Jonathan Kuttab, a Palestinian Christian and human rights lawyer, speaks at a ceasefire service at New York Avenue Presbyterian Church in Washington, D.C., on Dec. 11, 2023. (NCR photo/Aleja Hertzler-McCain)
On this week's episode of "The Nonviolent Jesus Podcast," I speak with Jonathan Kuttab of Palestine, executive director of Friends of Sabeel North America, a Christian solidarity group working with Palestinians for peace. I have worked with this organization for many years and gave a keynote speech at the Sabeel conference in Bethlehem in 2008 with Michel Sabbah, then-Latin patriarch of Jerusalem.
Kuttab is cofounder of the Palestinian human rights group Al-Haq and cofounder of Nonviolence International. A well-known international human rights attorney, Kuttab practices in the U.S., Palestine and Israel. He serves on the board of Bethlehem Bible College and is president of the Board of Holy Land Trust. He was the head of the Legal Committee negotiating the Cairo Agreement of 1994 between Israel and the Palestine Liberation Organization.
"The war on Gaza is continuing even today," he told me just before the U.S. and Israeli war on Iran began. "They're refusing medicine, food, journalists, aid, and they're using the ceasefire to continue the genocide. The world is allowing this to continue, and it breaks my heart."
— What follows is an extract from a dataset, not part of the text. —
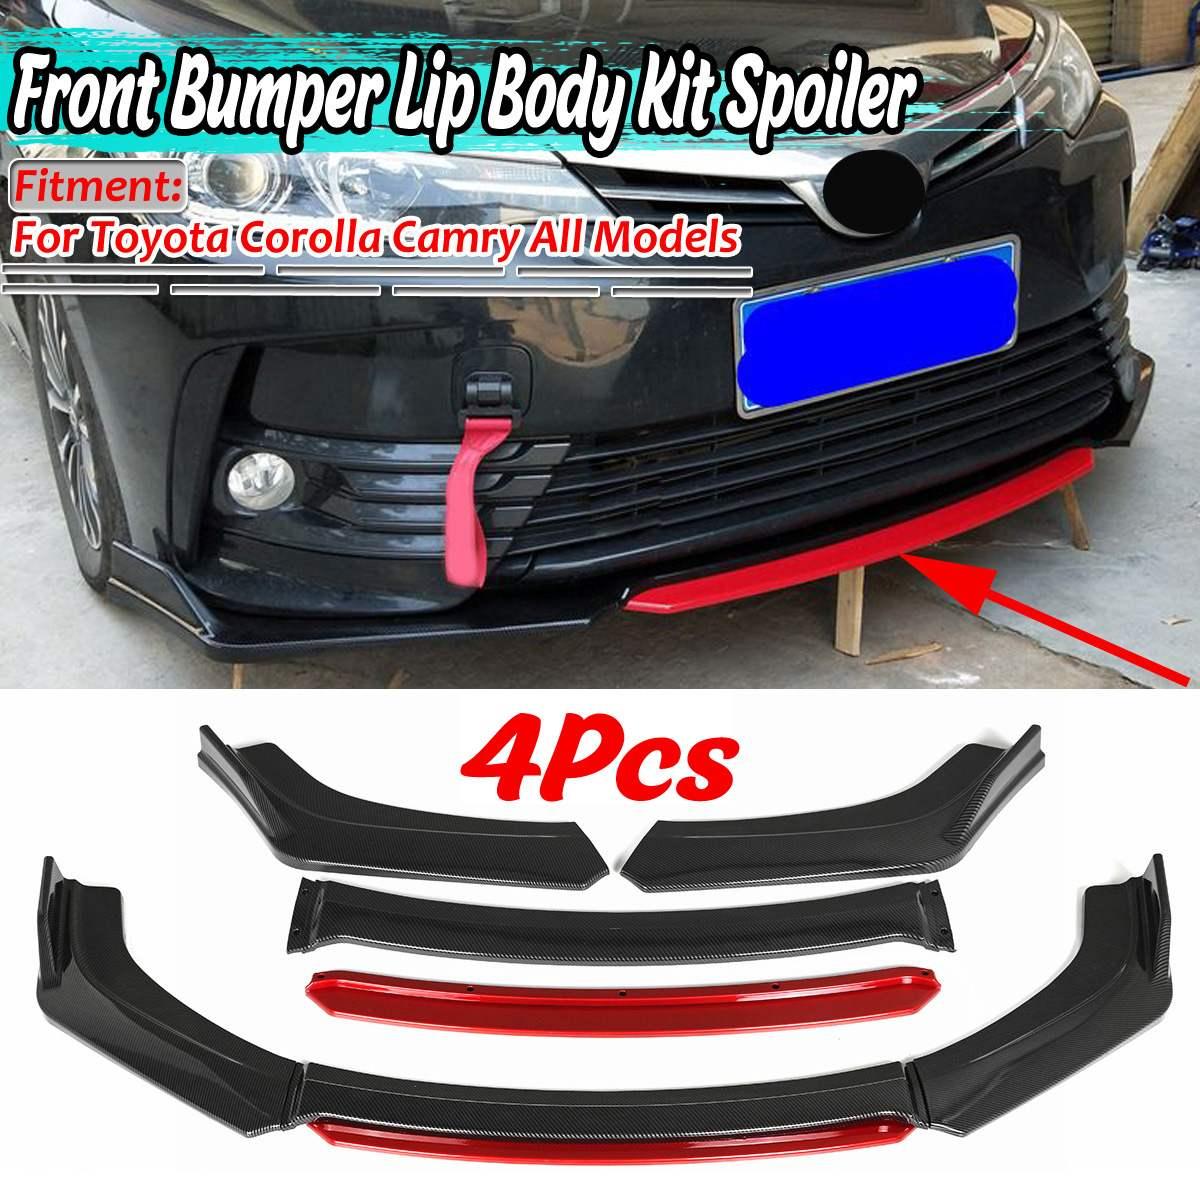 Universal 4pc Car Front Bumper Splitter Lip Diffuser Spoiler For VW Golf MK5 MK6 MK7 For Toyota Corolla Camry For Subaru For Kia

"Most Christian Palestinians are nonviolent peacemakers, and have been since the first century," he said. "For Palestinians, nonviolence is the best option for Christians. Violence does not work. It does not deliver what it is supposed to deliver. But the entire message of Jesus comes down to 'My kingdom is not of this world.' The message of Jesus calls on all Christians to take a different position than the worldly powers. Christians need to condemn and not participate in the genocide going on today."
"It is possible for people to live together," Kattub said. "We have lived together peacefully in the past, and hopefully we will in the future. We are people of the Resurrection, and we believe God will have the last word so we have integrity to speak the truth in difficult times."